El Hachemi Djaâboub, 65 ans, père de cinq enfants, électron aussi libre que gaffeur ? Depuis sa nomination en septembre 2020 à la tête de ce département, cet islamiste portant costume-cravate a fait parler de lui en ordonnant aux organismes relevant de ce son ministère de recourir à l’usage exclusif de la langue arabe dans l’administration et dans les échanges avec les citoyens, en bannissant ainsi la langue française.
Député de 1997 à 2002 du parti islamiste Mouvement de la société pour la paix (MSP), d’où il a été banni après sa nomination au gouvernement de Abdelaziz Djerad, Djaâboub a connu l’apogée de sa carrière sous la présidence de Bouteflika, durant laquelle il a été ministre de l’Industrie entre mai 2003 et mai 2005, puis ministre du Commerce entre mai 2005 et mai 2010, avant d’être remercié.
Son homologue irakien l’avait presque tourné en ridicule
Ceux qui ont connu cet énarque, passé par la direction de deux établissements hospitaliers d’Alger dans les années 1980, ne se montrent pas élogieux à son égard. Un ancien député se souvient d’un ministre pas très au fait des dossiers dont il avait la charge. « Il maîtrisait la langue française, mais il était trop approximatif dans ses chiffres et dans l’appréciation de la situation de son secteur, observe-t-il. Il n’avait pas la maîtrise des règles du commerce extérieur et des marchés des produits de large consommation. »
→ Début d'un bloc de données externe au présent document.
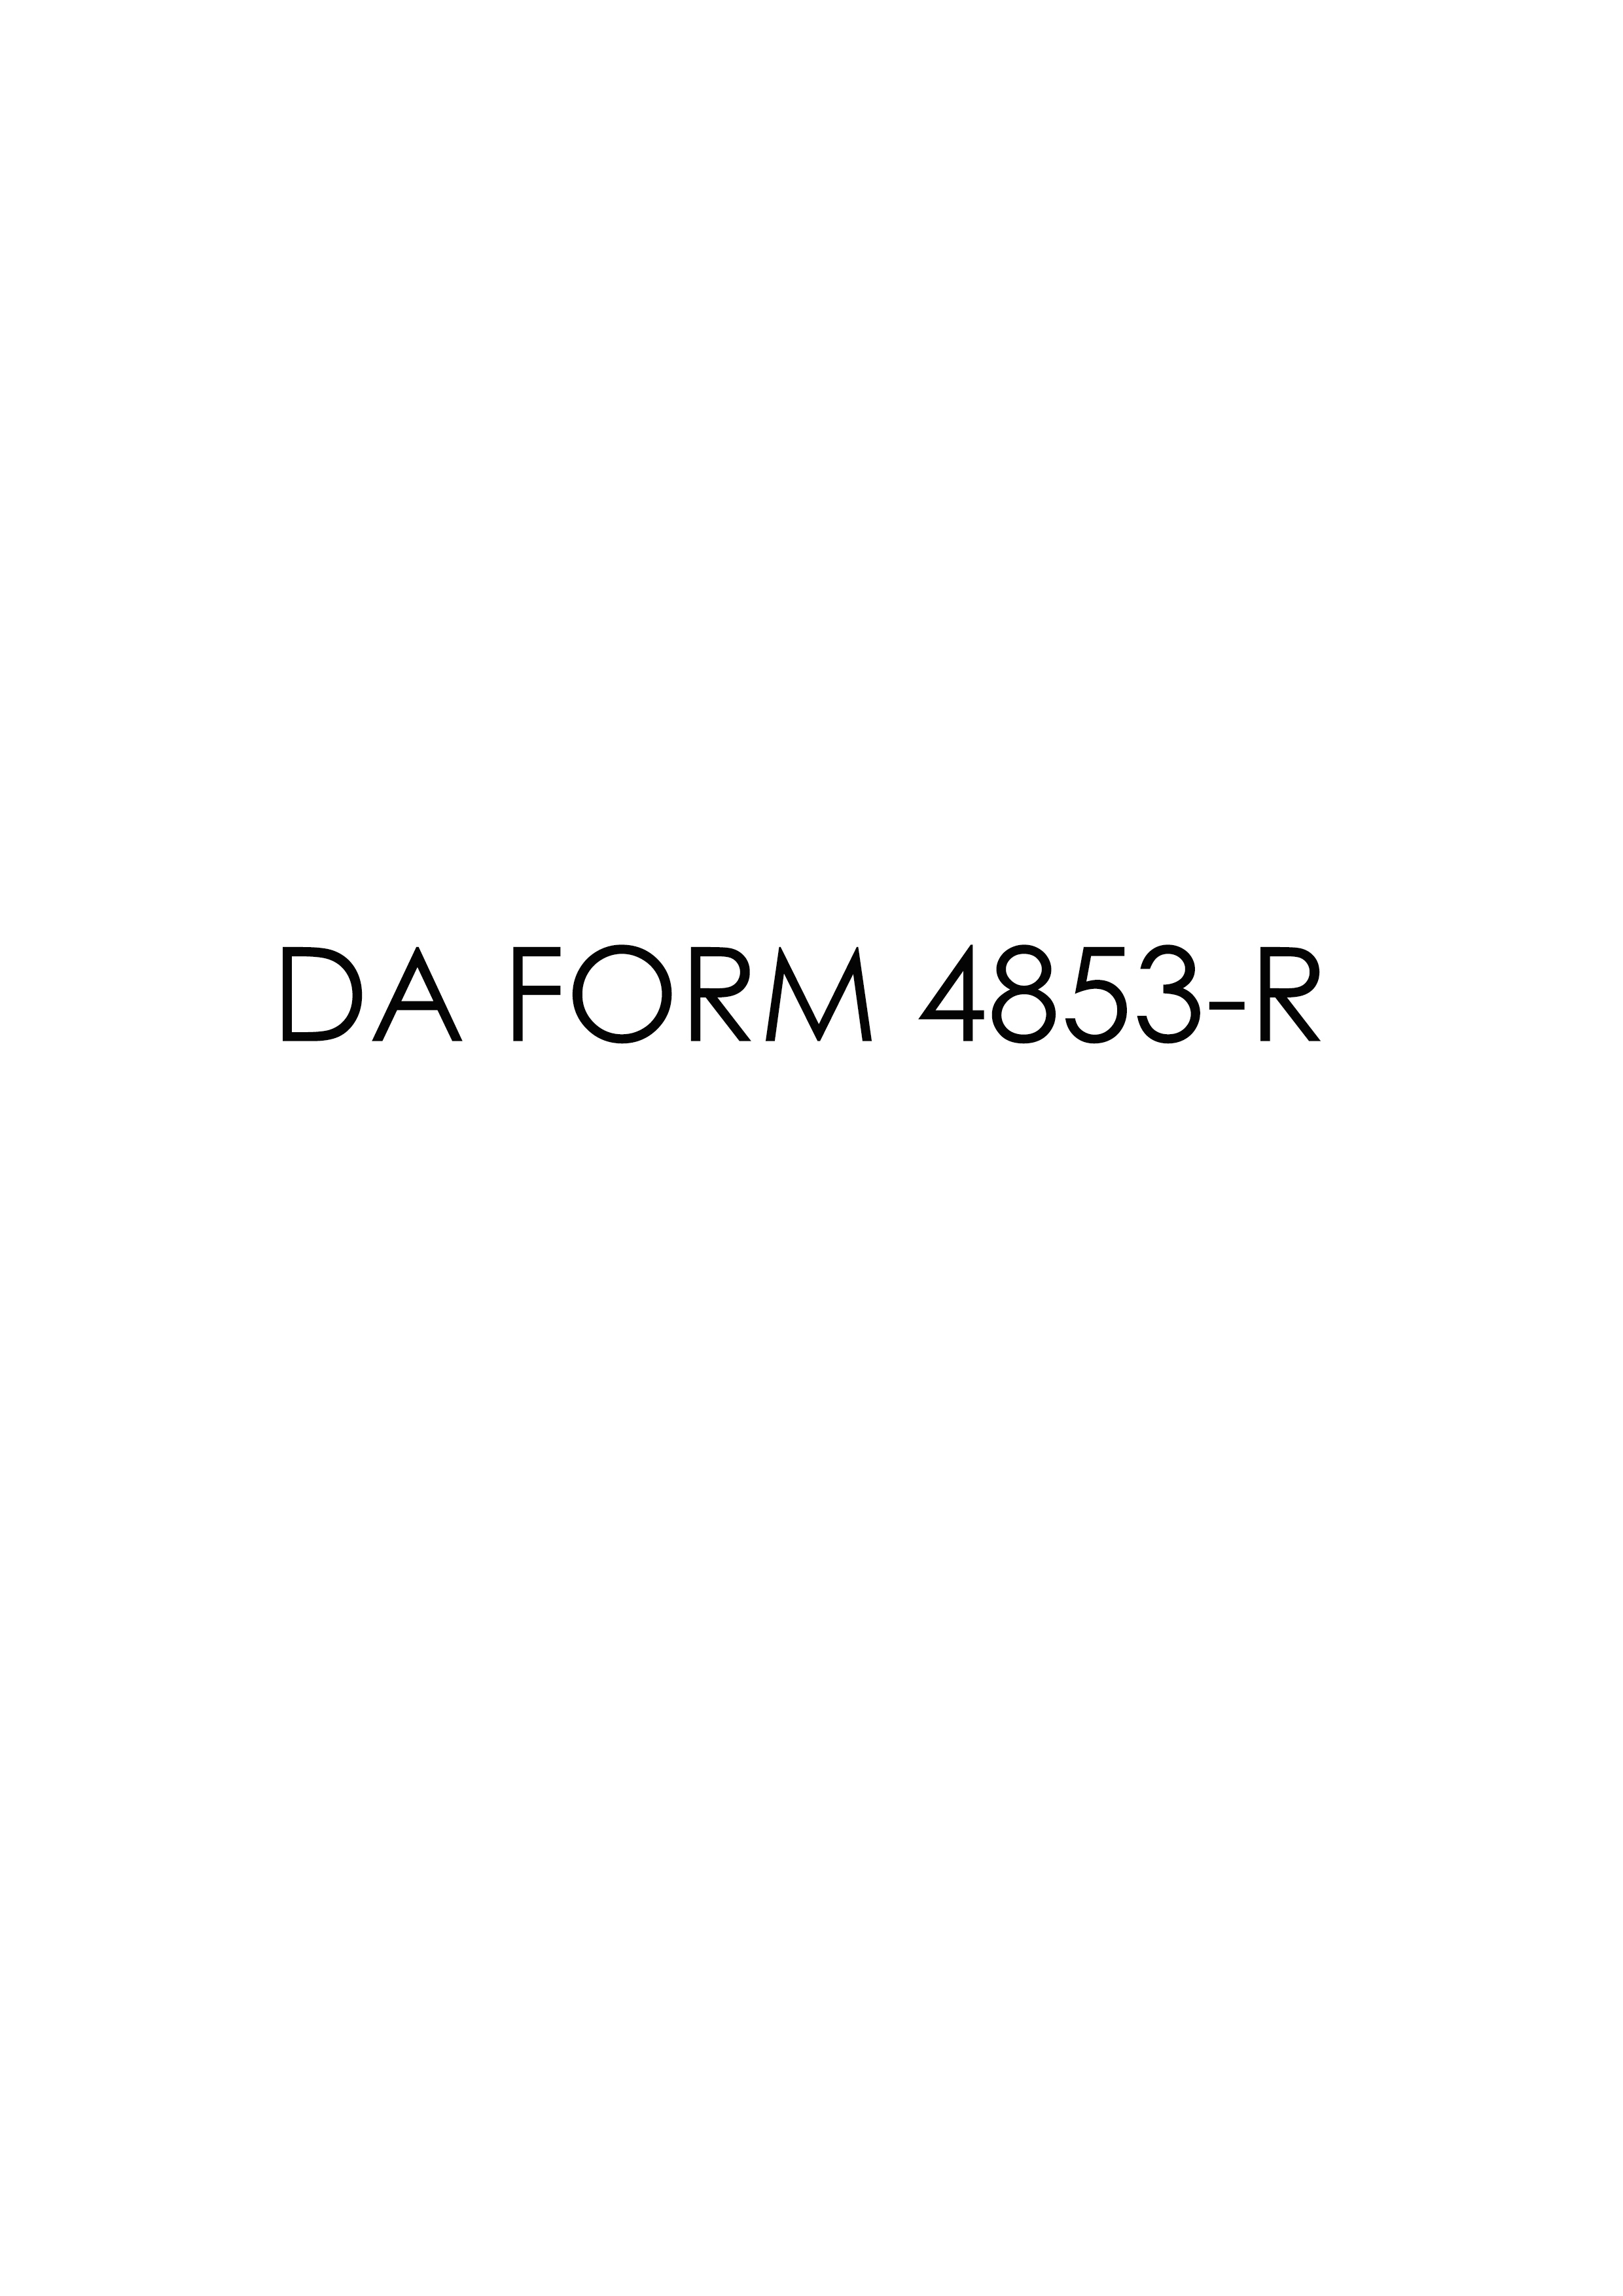 da Form 4853-R fillable

Un expert algérien garde en mémoire un voyage effectué avec le ministre en Irak en 2002 dans le cadre du programme « Pétrole contre nourriture », à l’époque où Djaâboub est alors ministre de l’Industrie. « Son homologue irakien l’avait presque tourné en ridicule tant il faisait montre de légèreté et d’approximations dans ce dossier », note cet expert, qui n’a pas souhaité été identifié.
Alors qu’il était encore ministre de l’Industrie, le nom d’El Hachemi Djaâboub a été cité en 2008 dans le cadre d’une enquête de la gendarmerie pour des soupçons de détournements de fonds publics de l’Agence de la promotion du commerce extérieur. L’affaire a rapidement été classée et n’a pas eu de conséquence pour sa carrière dans le gouvernement, dont l’exercice s’est achevé en mai 2010.
Haro sur Bouteflika
Depuis son éviction, Djaâboub s’est éclipsé de la scène politique, avant de faire un retour remarqué en mai 2019, un mois après la démission forcée de Bouteflika. À cette occasion, le ministre fait endosser à Bouteflika la responsabilité de l’accord d’association avec l’Union européenne que l’Algérie a ratifié en avril 2002 après plusieurs années de négociations, et qui s’est avéré déséquilibré en faveur de l’Europe.
Qualifiant cet accord de « mensonger » et de « chkara » (argent sale en sacs), Djaâboub juge qu’il a été signé au détriment des intérêts de l’Algérie et qu’il a été ratifié par Bouteflika pour promouvoir son image sur la scène internationale.
Ni le gouvernement ni la présidence n’ont pour le moment désavoué le propos du ministre
El Hachemi Djaâboub va-t-il faire les frais de sa sortie au Sénat ? Ni le gouvernement ni la présidence n’ont pour le moment désavoué son propos, qui n’a pas fait non plus l’objet d’un commentaire officiel. Mais à l’évidence, il a créé des vagues dont Abdelmadjid Tebboune et son homologue français se seraient bien passés. Réponse au prochain remaniement ministériel qui pourrait intervenir à l’issue des élections législatives du 12 juin.
Alors que les deux pays ont initié depuis un an une relance de leurs relations, l’atmosphère entre Alger et Paris s’est soudainement rafraichie avec la sortie du ministre, ainsi que celle d’Abdelmadjid Chikhi – chargé des questions mémorielles auprès du président algérien – qui a accusé le 18 avril la France d’avoir éliminé « tous les Algériens qui lisaient et écrivaient » durant la période coloniale.